• ACTIVITY: Going through the material below, output exactly the lines from the one containing "Quadro 'Vincent van" through the one containing "Four Seasons Los", and no pictures.

• DATA EXTRACTS:
==============================
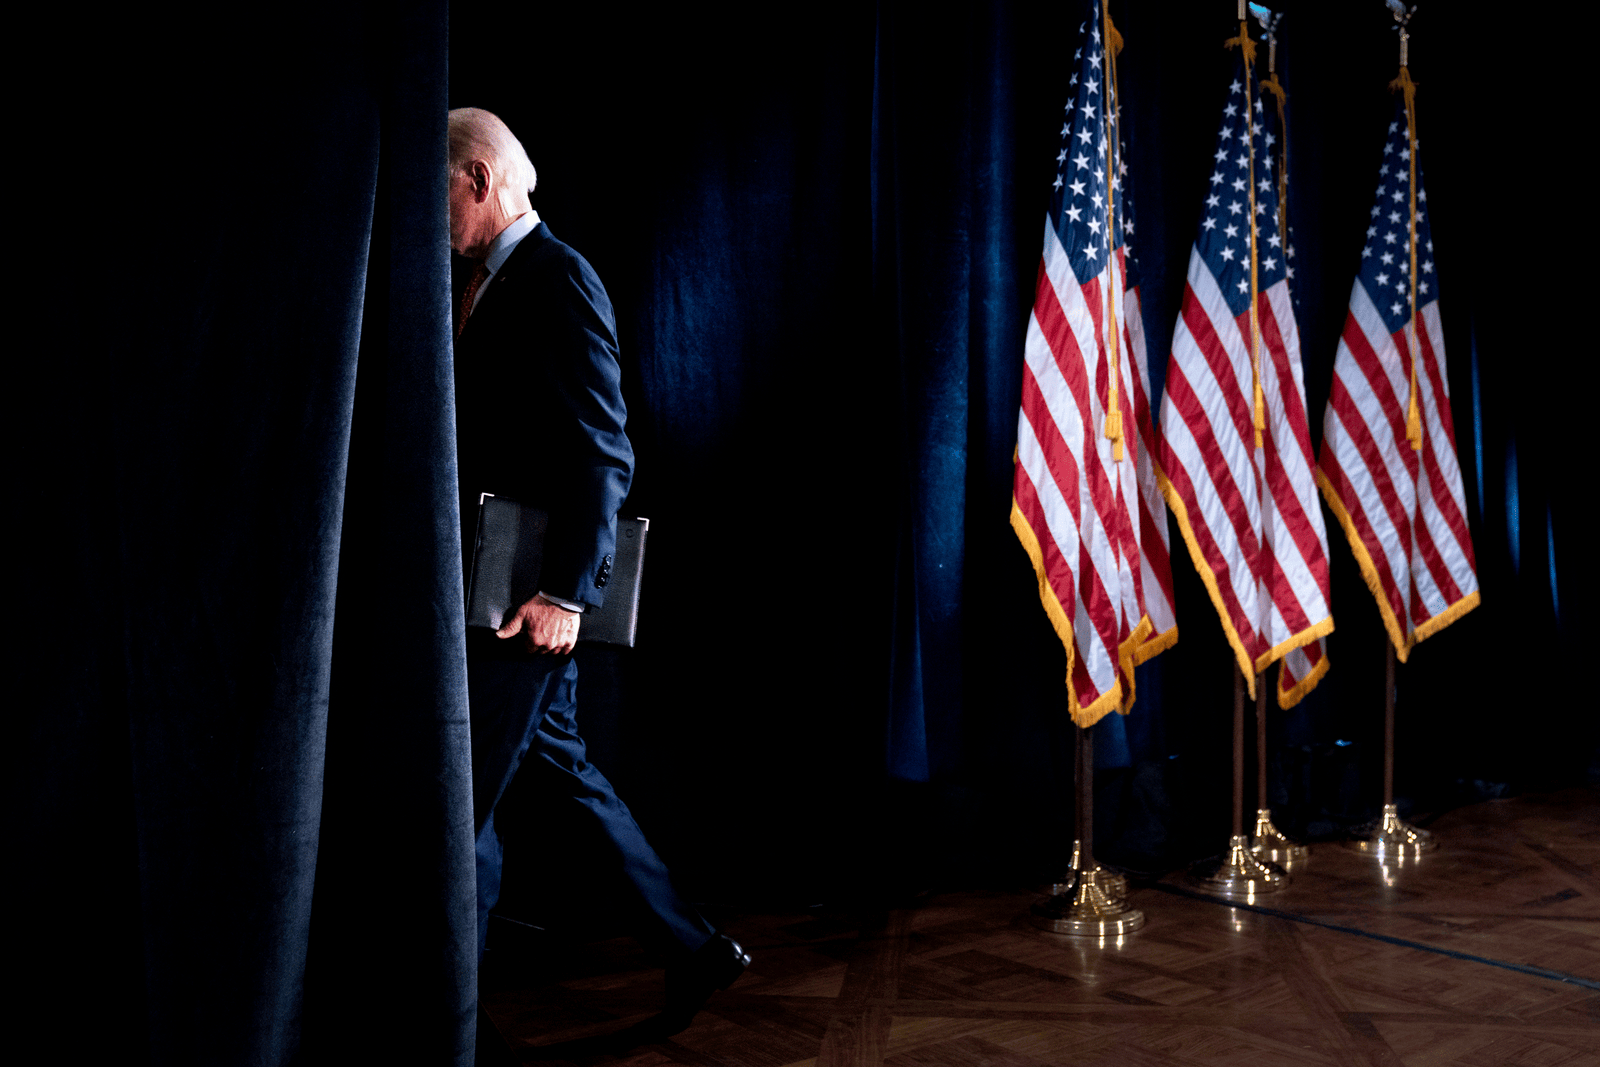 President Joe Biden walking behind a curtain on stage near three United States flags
==============================
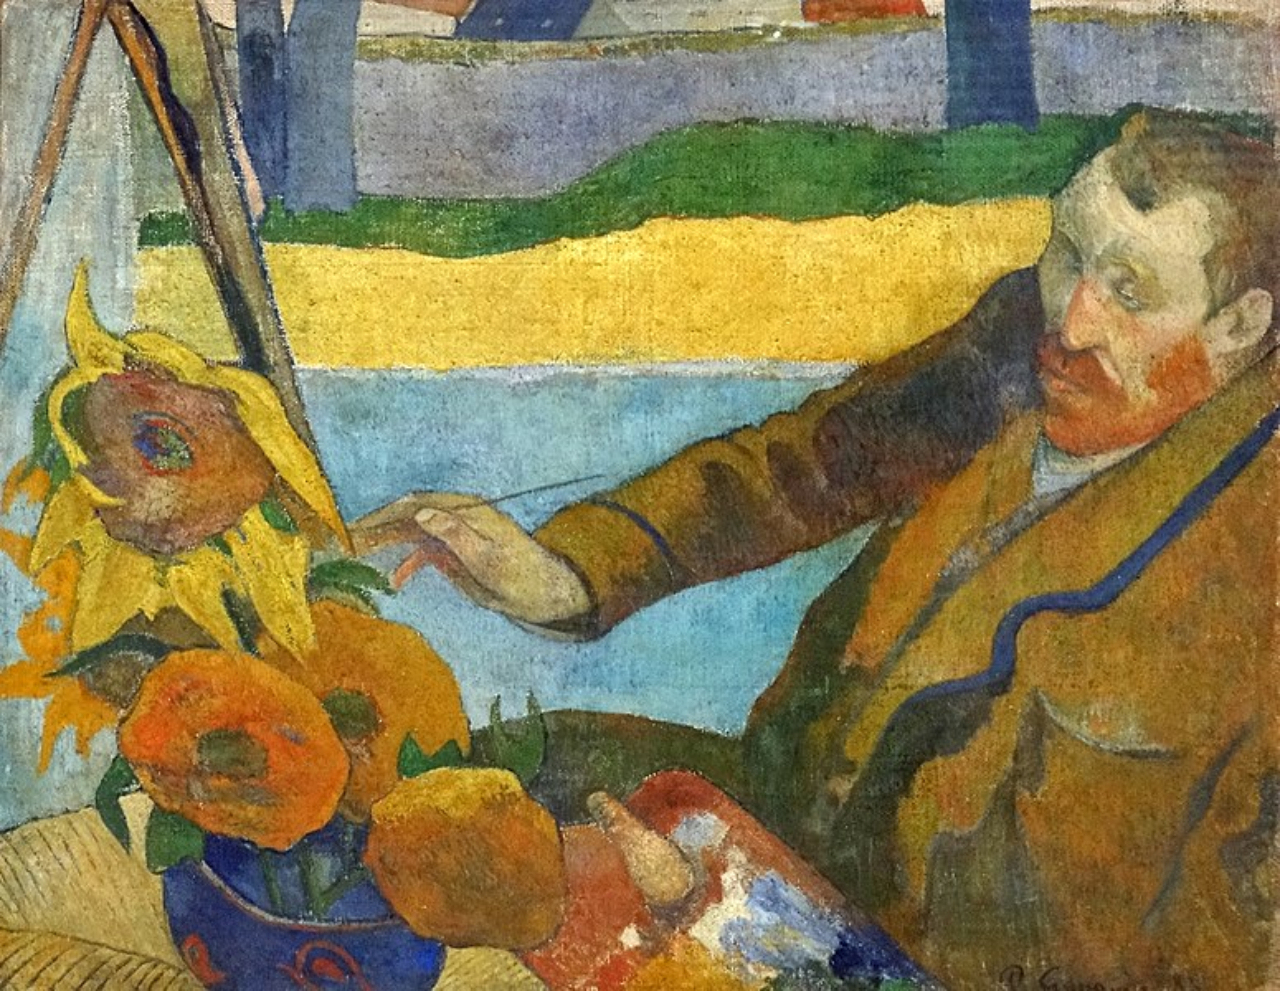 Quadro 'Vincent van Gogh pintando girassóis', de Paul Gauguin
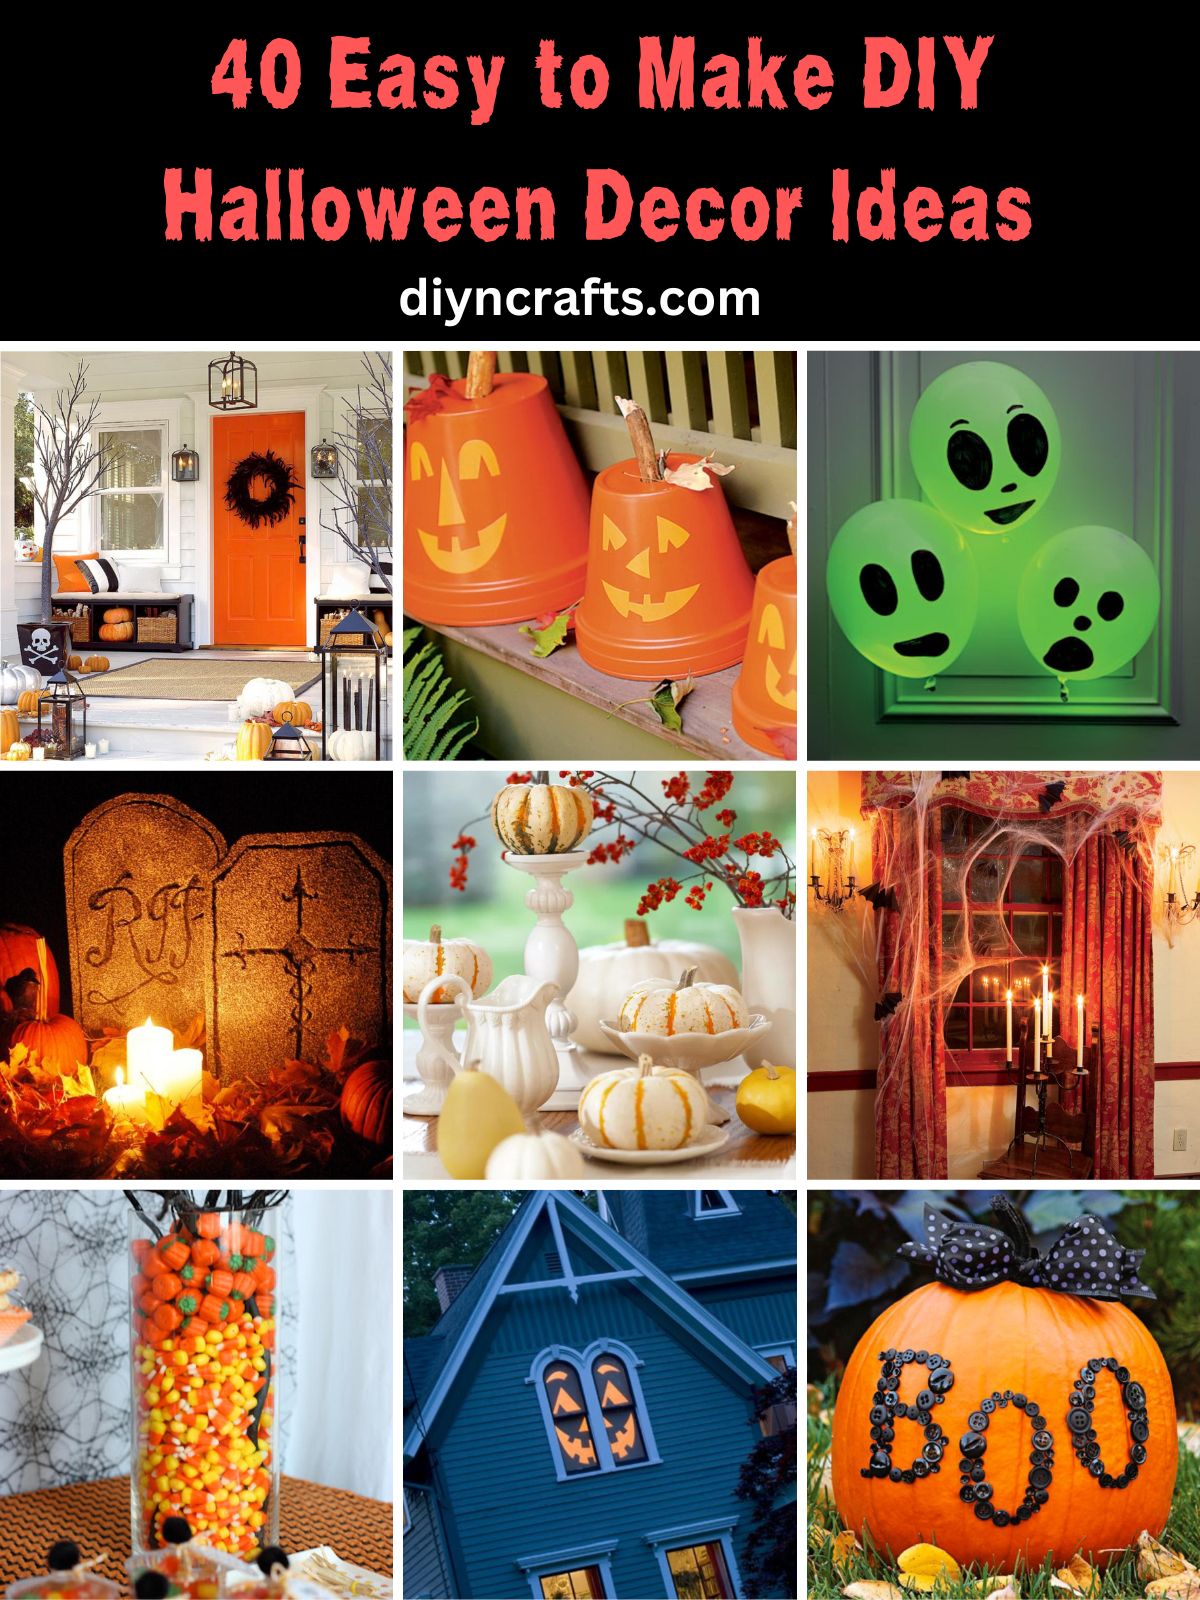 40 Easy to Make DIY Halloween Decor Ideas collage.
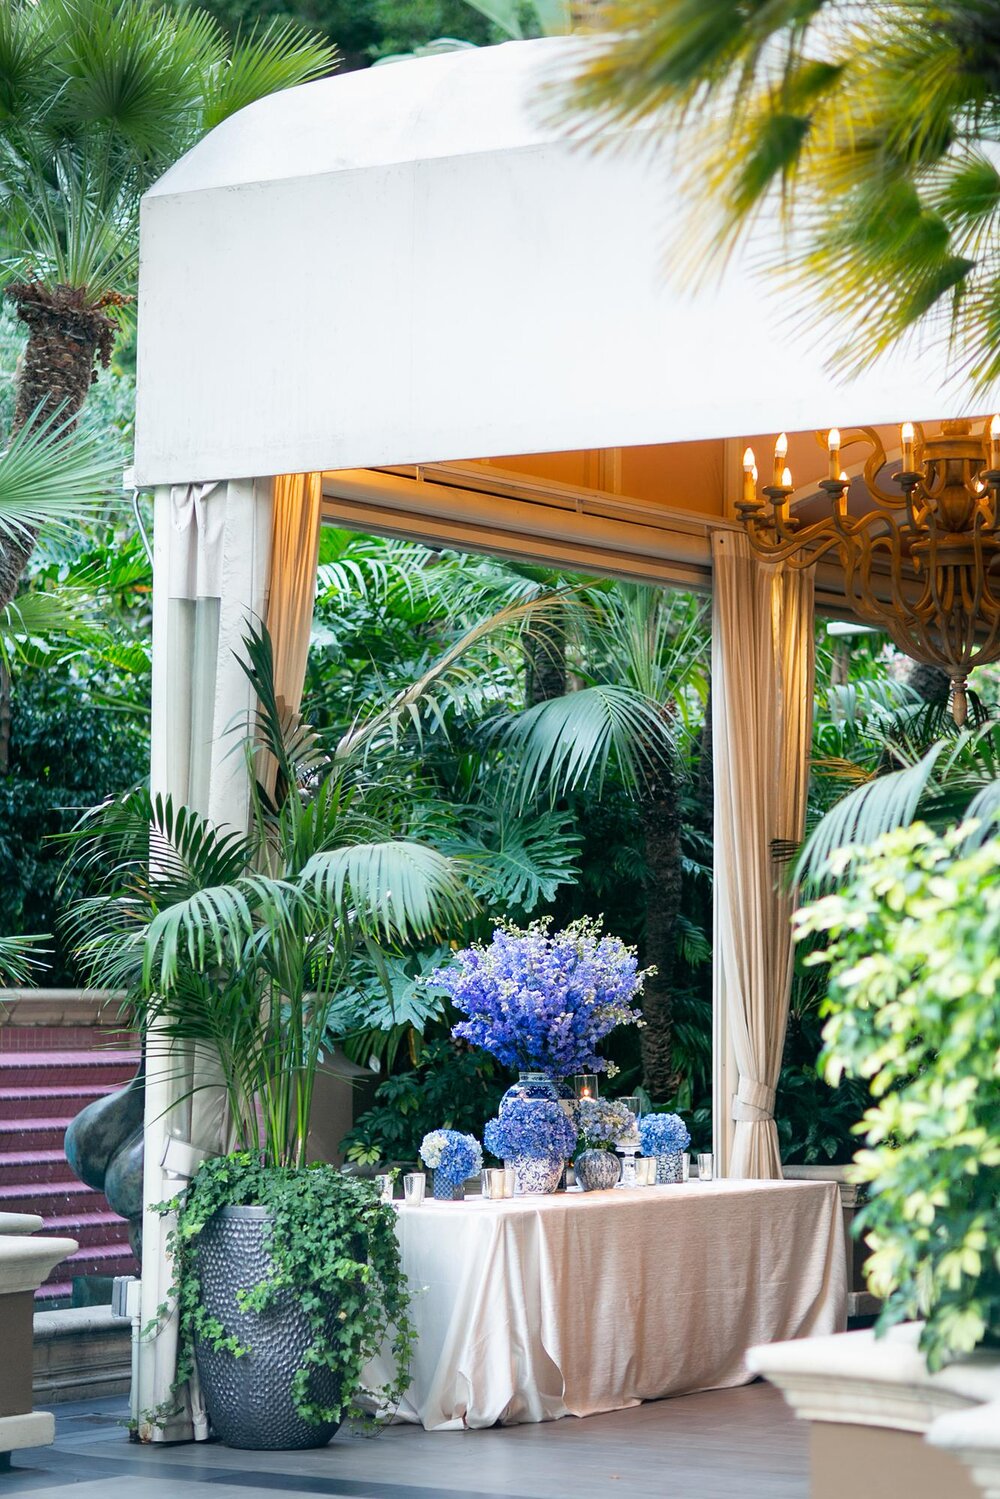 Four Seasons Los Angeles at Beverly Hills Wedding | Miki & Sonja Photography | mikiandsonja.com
==============================
• RESULT OF THE TASK:
 Quadro 'Vincent van Gogh pintando girassóis', de Paul Gauguin
 40 Easy to Make DIY Halloween Decor Ideas collage.
 Four Seasons Los Angeles at Beverly Hills Wedding | Miki & Sonja Photography | mikiandsonja.com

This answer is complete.